Senior real estate and finance leaders are leaning harder than ever on their lease data to shape strategy, expand space while hedging against economic uncertainty and tightening their grip on costs and compliance, according to a new report from Visual Lease, a CoStar company.
Visual Lease’s report, “The Trends, Risks and Opportunities Shaping Lease Portfolio Management,” says executives are “elevating strategic decision-making” about real estate and using lease portfolio data for forecasting, budgeting, negotiations and cost savings. One of the most notable shifts is a renewed appetite for additional commercial real estate space. In 2024, 56% of respondents planned to add space as part of their strategy. This year, that share climbed to 70%, a 14-percentage-point increase. Of those planning to add space, 44% expect to expand existing locations, 44% plan to use co-working spaces and 38% anticipate adding new satellite sites.
Even as expansion plans accelerate, respondents remain cautious about capital commitments. According to the report, 64% said their companies are “extremely or very likely” to delay facility upgrades or moves in 2026 because of the state of the economy.
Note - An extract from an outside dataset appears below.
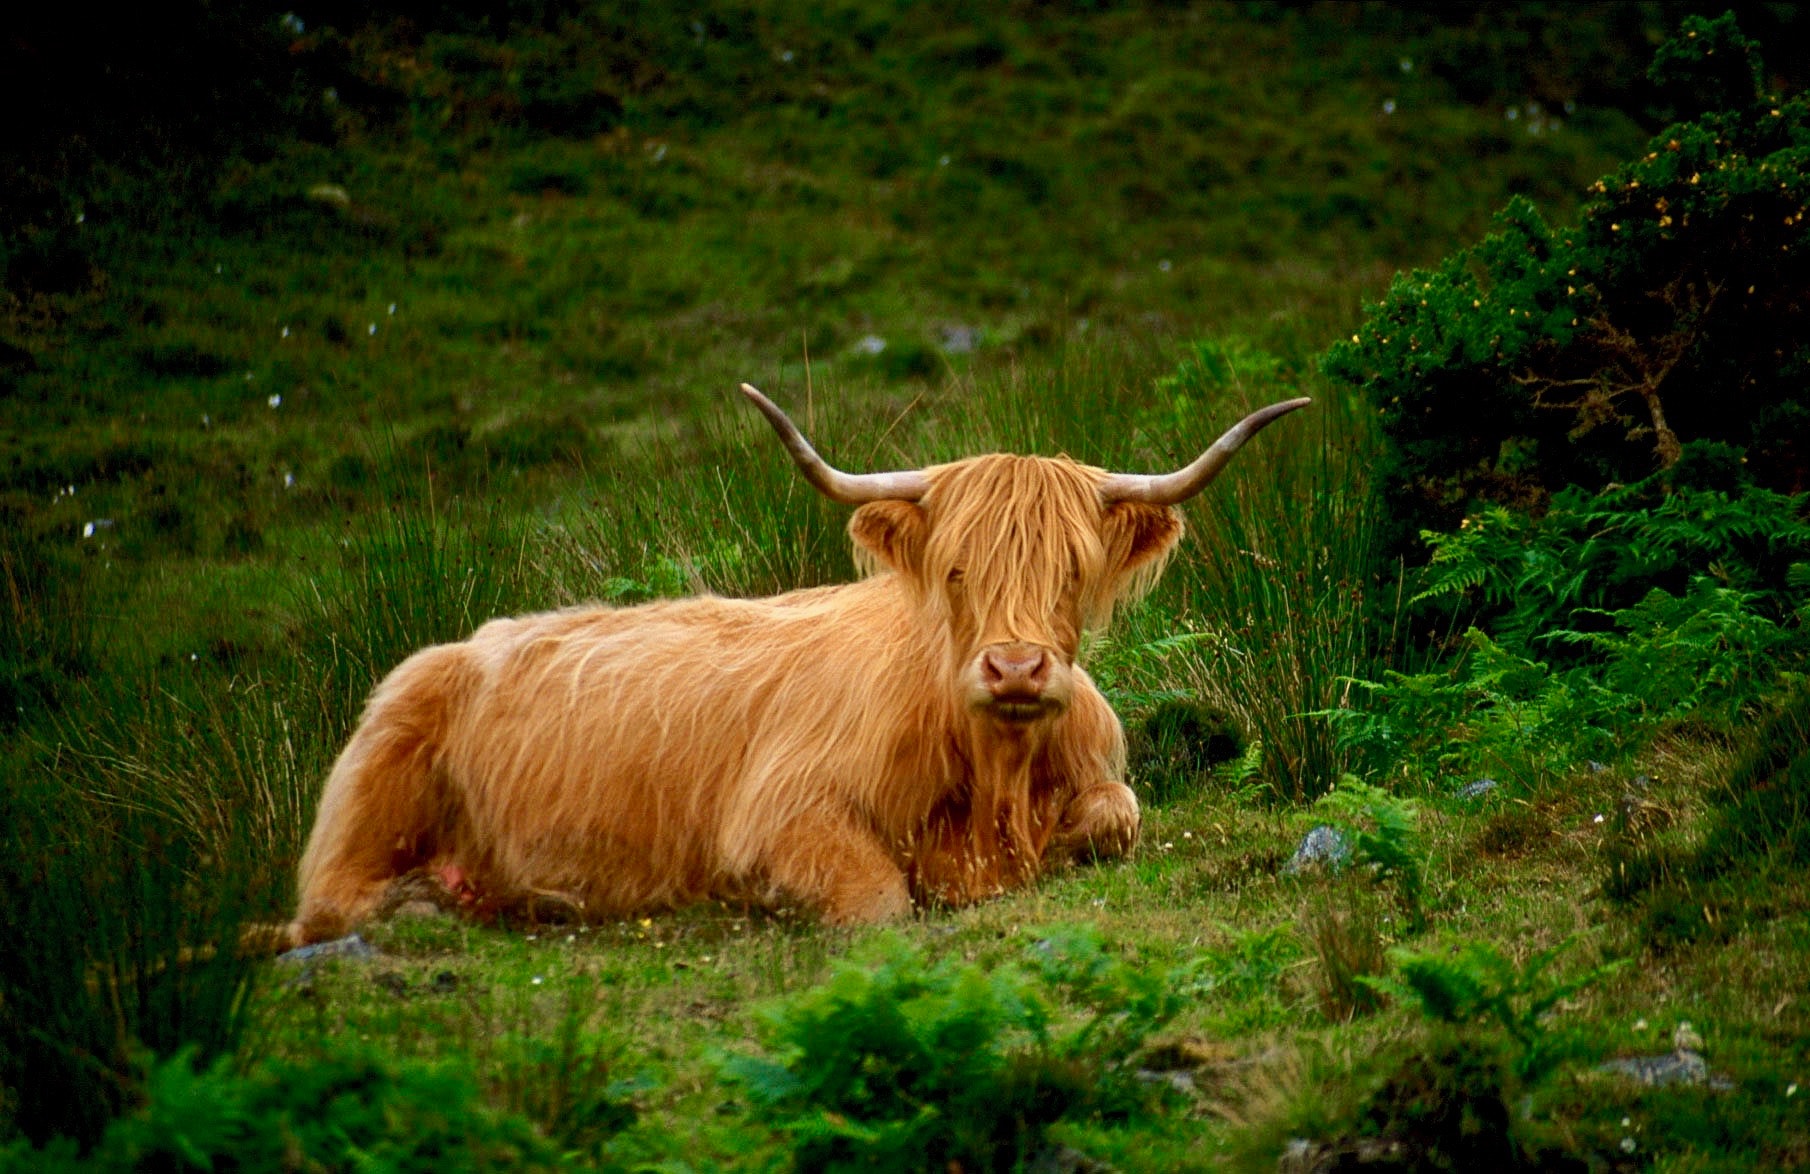 Brown bison on grass photo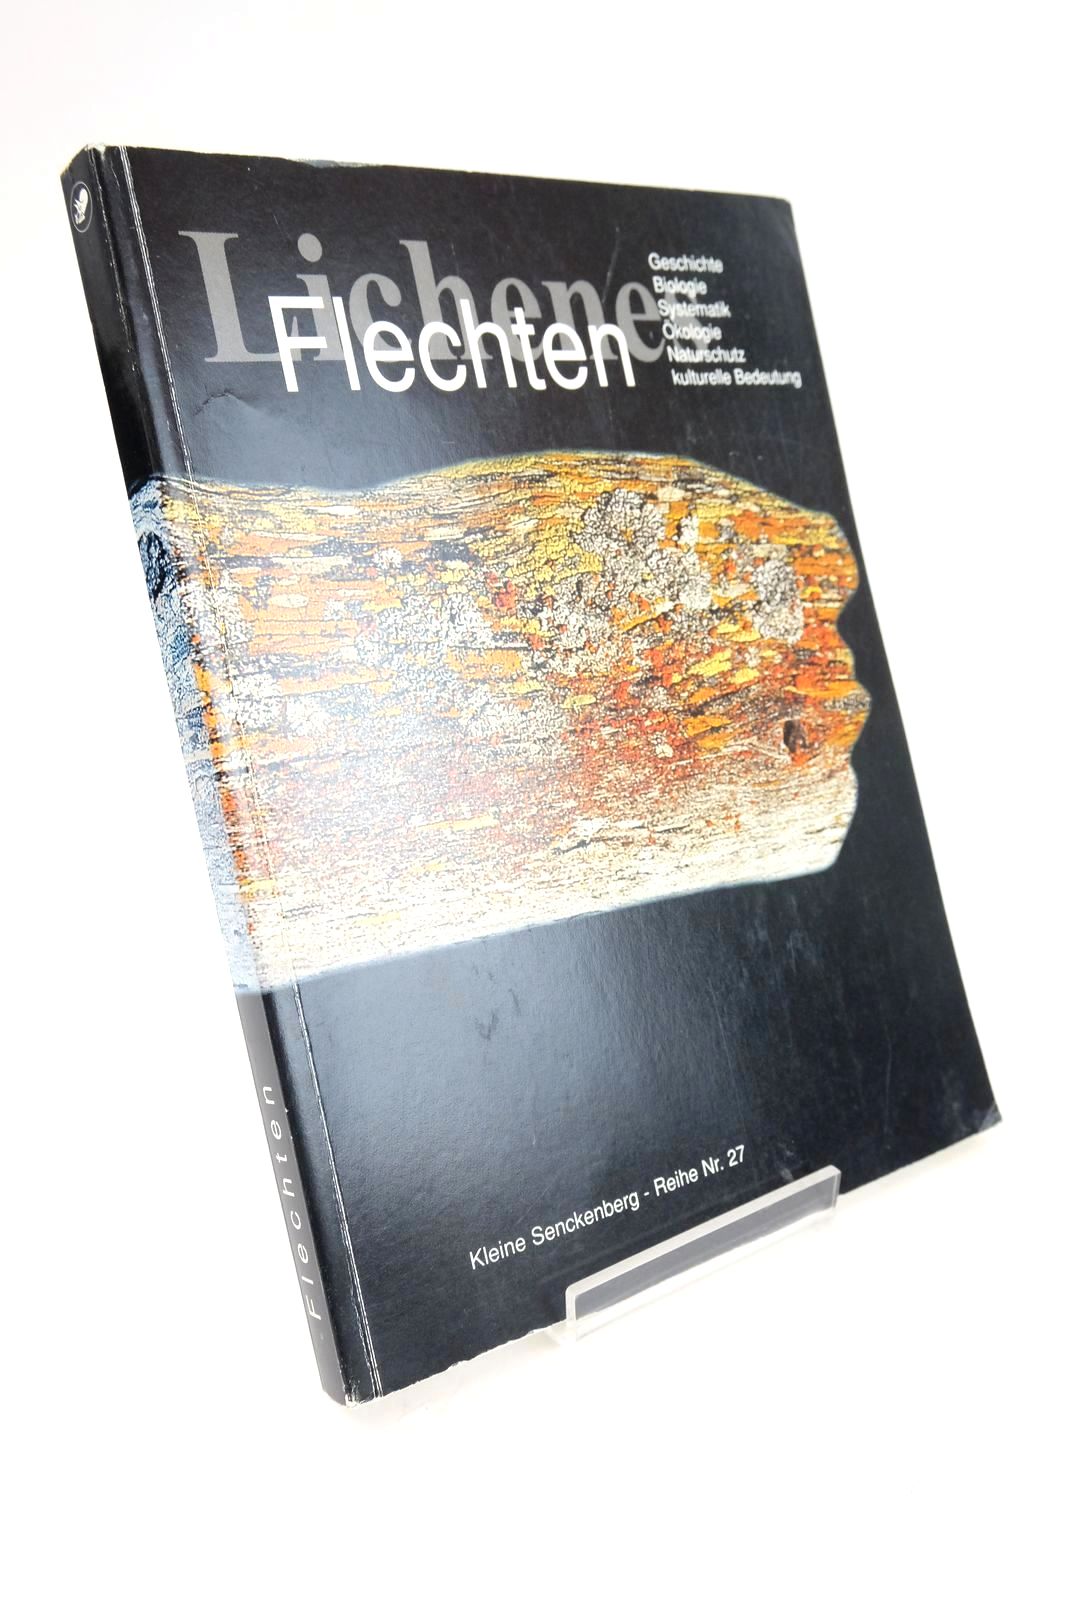 Photo of FLECHTEN: GESCHICHTE, BIOLOGIE, SYSTEMATIK, OKOLOGIE, NATURSCHUTZ UND KULTURELLE BEDEUTUNG written by Budel, Burkhard Flachsmann, Selina Frey, Beat et al, published by Verlag Waldemar Kramer (STOCK CODE: 1324740)  for sale by Stella & Rose's Books

Flexibility has become a key hedge: 78% of respondents say retaining flexible lease options is “extremely” or “very important” today, up from 61% in 2024. Visual Lease notes that greater flexibility allows companies to respond more easily to changing economic or workplace conditions.
Despite broader debate about the value of ESG and sustainability reporting and some rollbacks in government requirements, Visual Lease
finds that companies are still investing in these efforts. About 80% of real estate leaders and 88% of finance leaders continued to prioritize ESG and sustainability reporting more in 2025 than in 2024. To support this and other objectives, executives are seeking better visibility and control over their lease portfolios. The share of respondents who were either “very” or “extremely” confident in understanding costs, risks and opportunities in their CRE portfolios rose to 71% this year, up from 52% last year.
Visual Lease reports that real estate leaders are using lease data across a range of strategic functions. According to the survey, 57% use lease information to enhance financial forecasting and budgeting, 51% to optimize lease renewals and negotiations, and 50% to improve space utilization and planning. Another 49% use lease data to identify cost-saving opportunities, 49% to support sustainability and ESG initiatives and 42% to benchmark portfolios against market trends and competitor data. When negotiating new leases, 65% of real estate executives rely on third-party real estate service providers or brokers, 55% on a licensed real estate data provider and 53% on industry peers.
To enable this level of analysis, the report says that lease management software is necessary and that Visual Lease sells such solutions. The broader implication is that, whether sourced from a third party or developed in-house, organizations need a data system that can store lease information, surface relevant terms and compile, manipulate and report on what is in their leases.